The defendant, Republic Steel Corporation, is a self-insurer. Issues were made by the petition and answer. The case was tried to a jury upon the evidence taken upon rehearing before the Industrial Commission.
The evidence disclosed that the decedent was an employee of the defendant at the time of his death on February 15, 1943. His occupation was that of foreman of a group of other employees engaged in the maintenance and repair of railroad tracks within the confines of the defendant's steel mill.
On the day of his death, the temperature in the city of Youngstown varied from four degrees below zero to eight degrees above zero, and at eleven a.m. on February 15, 1943, the temperature was one degree above zero.
At about eleven a.m. on February 15, 1943, decedent and four other employees of the defendant were engaged in moving a cart or buggy filled with tools on the railroad tracks leading to an open hearth charging floor of the defendant. This cart was constructed with flanged, roller-bearing wheels designed to run on tracks, and when it was loaded with the tools the cart weighed about 900 pounds. The tracks over which the cart was moved had an upward grade of 2.17 per cent.
Immediately prior to the death of Gerich, the four subordinate employees were pushing the loaded cart by hand over this track. One of these men ceased pushing the cart but remained nearby. This man is the only eyewitness to the events immediately prior to Gerich's death. He testified that when he stopped pushing the cart, Gerich took his place and the movement of the cart was continued; that when he returned he saw Gerich turn around holding his head and fall to the ground; and that Gerich had stopped pushing the cart before he fell.
Another of the employees who was pushing the cart at the time Gerich fell testified that he did not see him fall; that after Gerich ceased helping push the cart, it kept right on moving; and that he did not know that Gerich was no longer helping them until another employee called to them.
Other facts are stated in the opinion.
At the close of all the testimony, the defendant made a motion for a directed verdict, which was overruled. Certain special instructions were requested by the plaintiff and given to the jury before argument, to which the defendant excepted. Some of these instructions authorized recoveries for the plaintiff if the injury "aggravated * * * any pre-existing condition." The defendant contends that the record does not contain any evidence of a pre-existing physical condition of the decedent, which would make such instruction proper.
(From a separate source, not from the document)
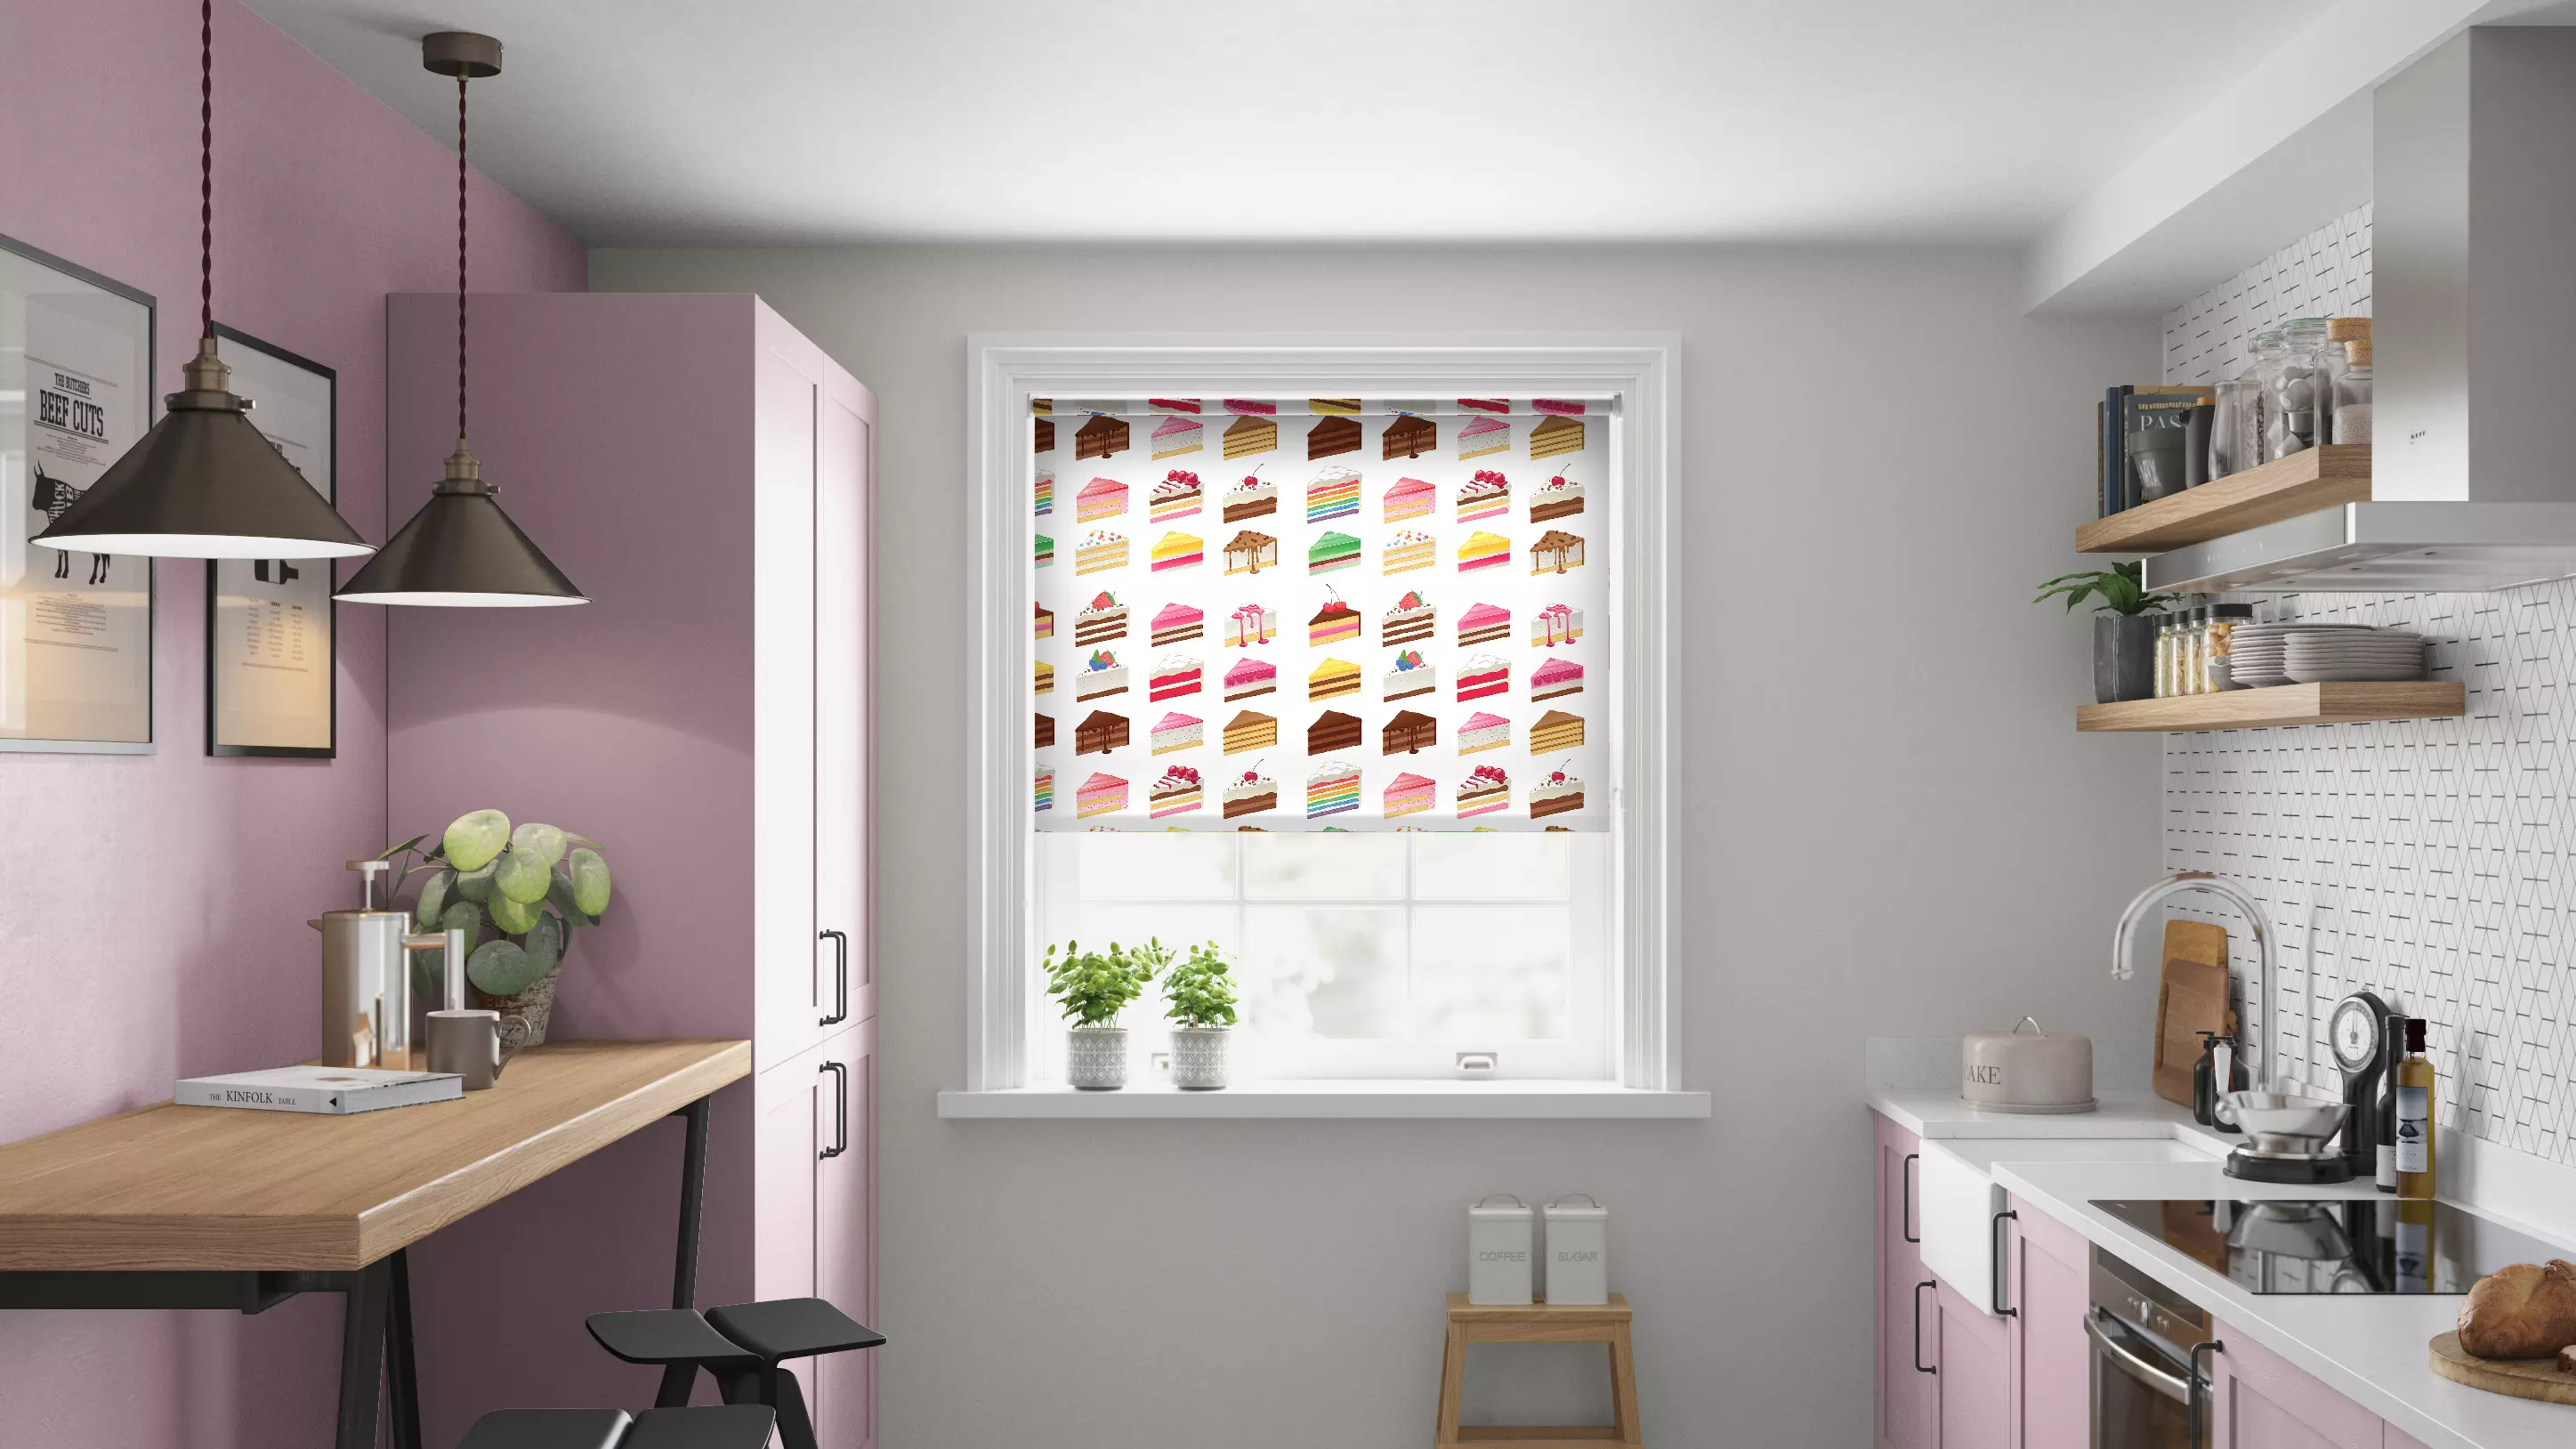 'GBBO' Inspired Blinds Have Landed And TBH They Are Good Enough To Eat
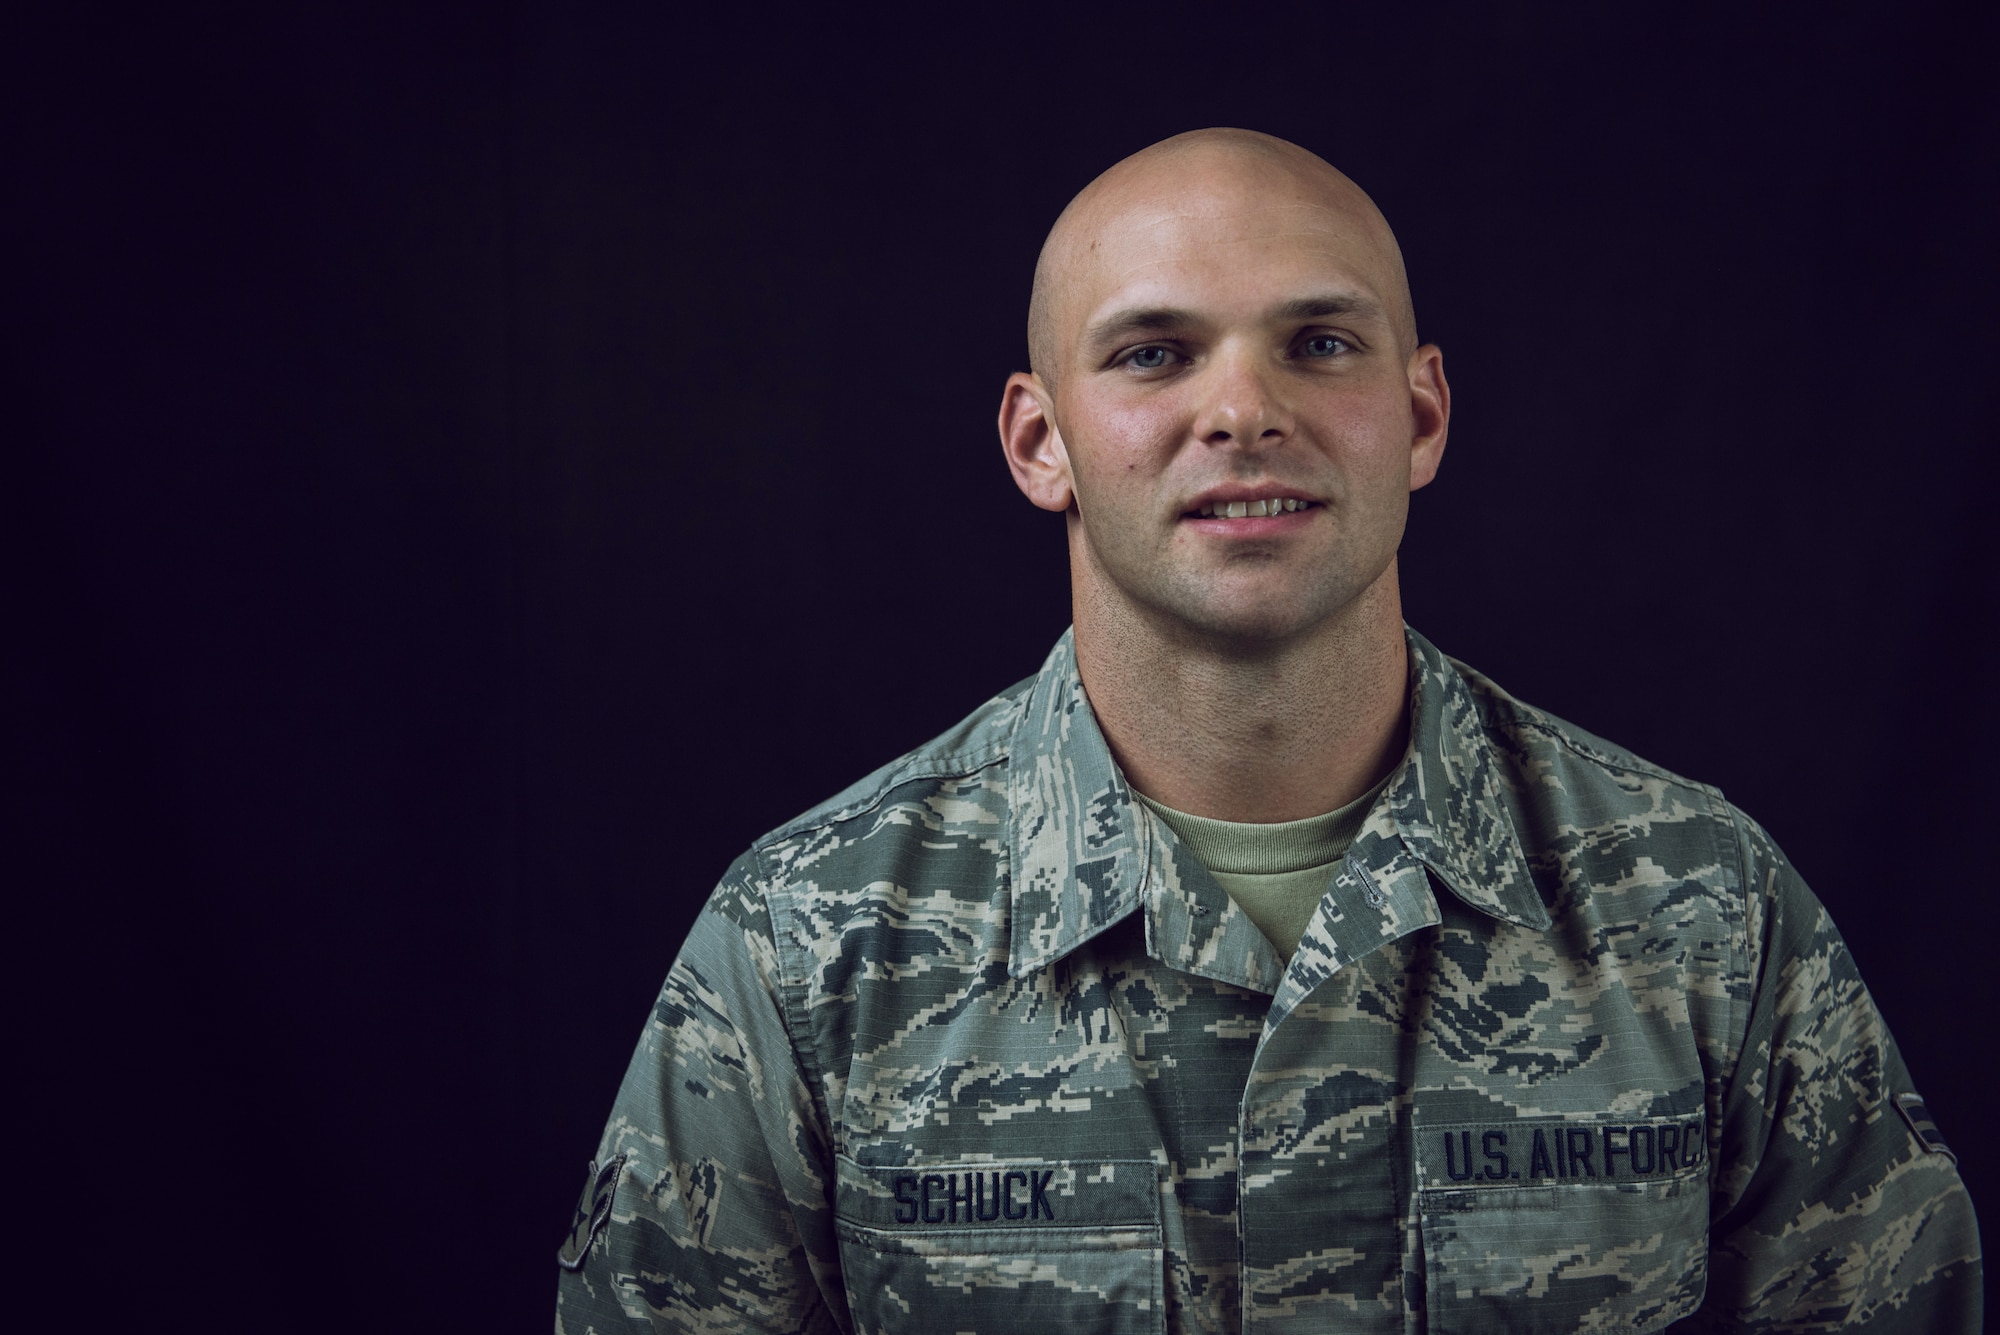 Airman 1st Class Adam Schuck, a services specialist with the 193rd Special Operations Force Support Squadron, Pennsylvania Air National Guard, shares some of his insight

The case was submitted to the jury, which found for the plaintiff, and judgment was rendered accordingly.
An appeal was taken to the Court of Appeals which affirmed the judgment of the Court of Common Pleas.
The case is before this court on the allowance of a motion to certify the record.
Messrs. Traxler Yearick and Mr. Michael W. Kosach, for appellee.
Messrs. Harrington, Huxley Smith and Mr. C. Kenneth Clark, for appellant.
The defendant claims that there was insufficient evidence to go to the jury on the fundamental question whether the decedent as an employee of the defendant suffered an accidental injury in the course of and arising out of his employment, which resulted in his death.
Under the Ohio Workmen's Compensation Act, to entitle a workman to compensation for injury, he must suffer a traumatic injury in the course of his employment as a result of some accidental impact other than injuries which may occur in the regular course of nature from the usual and normal activities of his employment. To illustrate, an injury has been held to be compensable under circumstances as follows:
Feet of filling-station employee frozen during hours of employment ( Kaiser v. Industrial Commission, 136 Ohio St. 440, 26 N.E.2d 449); night watchman stumbled over machinery, resulting in paralysis ( Drew v. Industrial Commission, 136 Ohio St. 499, 26 N.E.2d 793); heat exhaustion suddenly suffered as the result of employment in a foundry ( Malone v. Industrial Commission, 140 Ohio St. 292, 43 N.E.2d 266); infection resulting from the lifting of a heavy roll of fabric ( Maynard v. B.F. Goodrich Co., 144 Ohio St. 22, 56 N.E.2d 195); death due to inhalation of fumes escaping from a gas producer ( Stough v. Industrial Commission, 148 Ohio St. 415, 75 N.E.2d 441).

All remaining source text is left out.